Is there any reason not to change it to try? I'm wondering if some system says
that the function exists but simply raise an error if you actually try to use
it. I think that at least WSL does that for some functions.

+ <para>
+ The <xref linkend="guc-recovery-prefetch"/> parameter can
+ be used to improve I/O performance during recovery by instructing
+ <productname>PostgreSQL</productname> to initiate reads
+ of disk blocks that will soon be needed but are not currently in
+ <productname>PostgreSQL</productname>'s buffer pool.
+ The <xref linkend="guc-maintenance-io-concurrency"/> and
+ <xref linkend="guc-wal-decode-buffer-size"/> settings limit prefetching
+ concurrency and distance, respectively.
+ By default, prefetching in recovery is disabled.
+ </para>

I think that "improving I/O performance" is a bit misleading, maybe reduce I/O
wait time or something like that? Also, I don't know if we need to be that
precise, but maybe we should say that it's the underlying kernel that will
(asynchronously) initiate the reads, and postgres will simply notifies it.

+ <para>
+ The <structname>pg_stat_prefetch_recovery</structname> view will contain only
+ one row. It is filled with nulls if recovery is not running or WAL
+ prefetching is not enabled. See <xref linkend="guc-recovery-prefetch"/>
+ for more information.
+ </para>

That's not the implemented behavior as far as I can see. It just prints whatever is in SharedStats
regardless of the recovery state or the prefetch_wal setting (assuming that
there's no pending reset request). Similarly, there's a mention that
pg_stat_reset_shared('wal') will reset the stats, but I don't see anything
calling XLogPrefetchRequestResetStats().

Finally, I think we should documented what are the cumulated counters in that
view (that should get reset) and the dynamic counters (that shouldn't get

For the code:

XLogRecGetBlockTag(XLogReaderState *record, uint8 block_id,
RelFileNode *rnode, ForkNumber *forknum, BlockNumber *blknum)
+ return XLogRecGetBlockInfo(record, block_id, rnode, forknum, blknum, NULL);
+XLogRecGetBlockInfo(XLogReaderState *record, uint8 block_id,
+ RelFileNode *rnode, ForkNumber *forknum,
+ BlockNumber *blknum,
+ Buffer *prefetch_buffer)

It's missing comments on that function. XLogRecGetBlockTag comments should
probably be reworded at the same time.

+ReadRecord(XLogPrefetcher *xlogprefetcher, int emode,
bool fetching_ckpt, TimeLineID replayTLI)
XLogRecord *record;
+ XLogReaderState *xlogreader = XLogPrefetcherReader(xlogprefetcher);

nit: maybe name it XLogPrefetcherGetReader()?

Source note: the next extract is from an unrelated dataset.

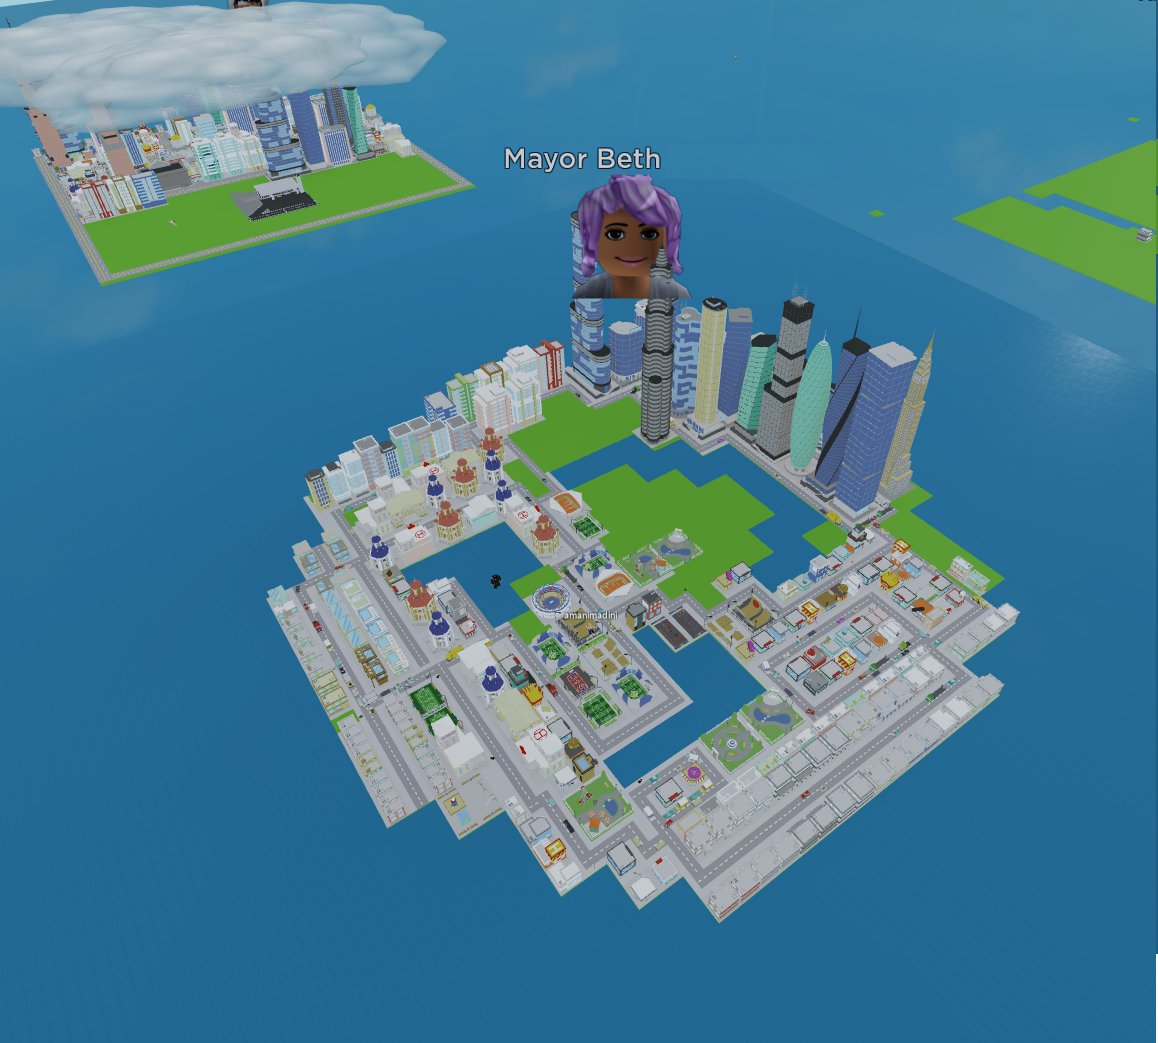 Great Scott Gaming On Twitter Wow Check Out Beth S City Just Found It And I Was Very Impressed Roblox Robloxdev Game Https T Co 2h9bp9vjpq Https T Co Cutmixie9e - town mayor roblox

* containing it (if not open already), and returns true. When end of standby
* mode is triggered by the user, and there is no more WAL available, returns
* false.
+ *
+ * If nonblocking is true, then give up immediately if we can't satisfy the
+ * request, returning XLREAD_WOULDBLOCK instead of waiting.
-static bool
+static XLogPageReadResult
WaitForWALToBecomeAvailable(XLogRecPtr RecPtr, bool randAccess,

The comment still mentions a couple of time returning true/false rather than
XLREAD_*, same for at least XLogPageRead().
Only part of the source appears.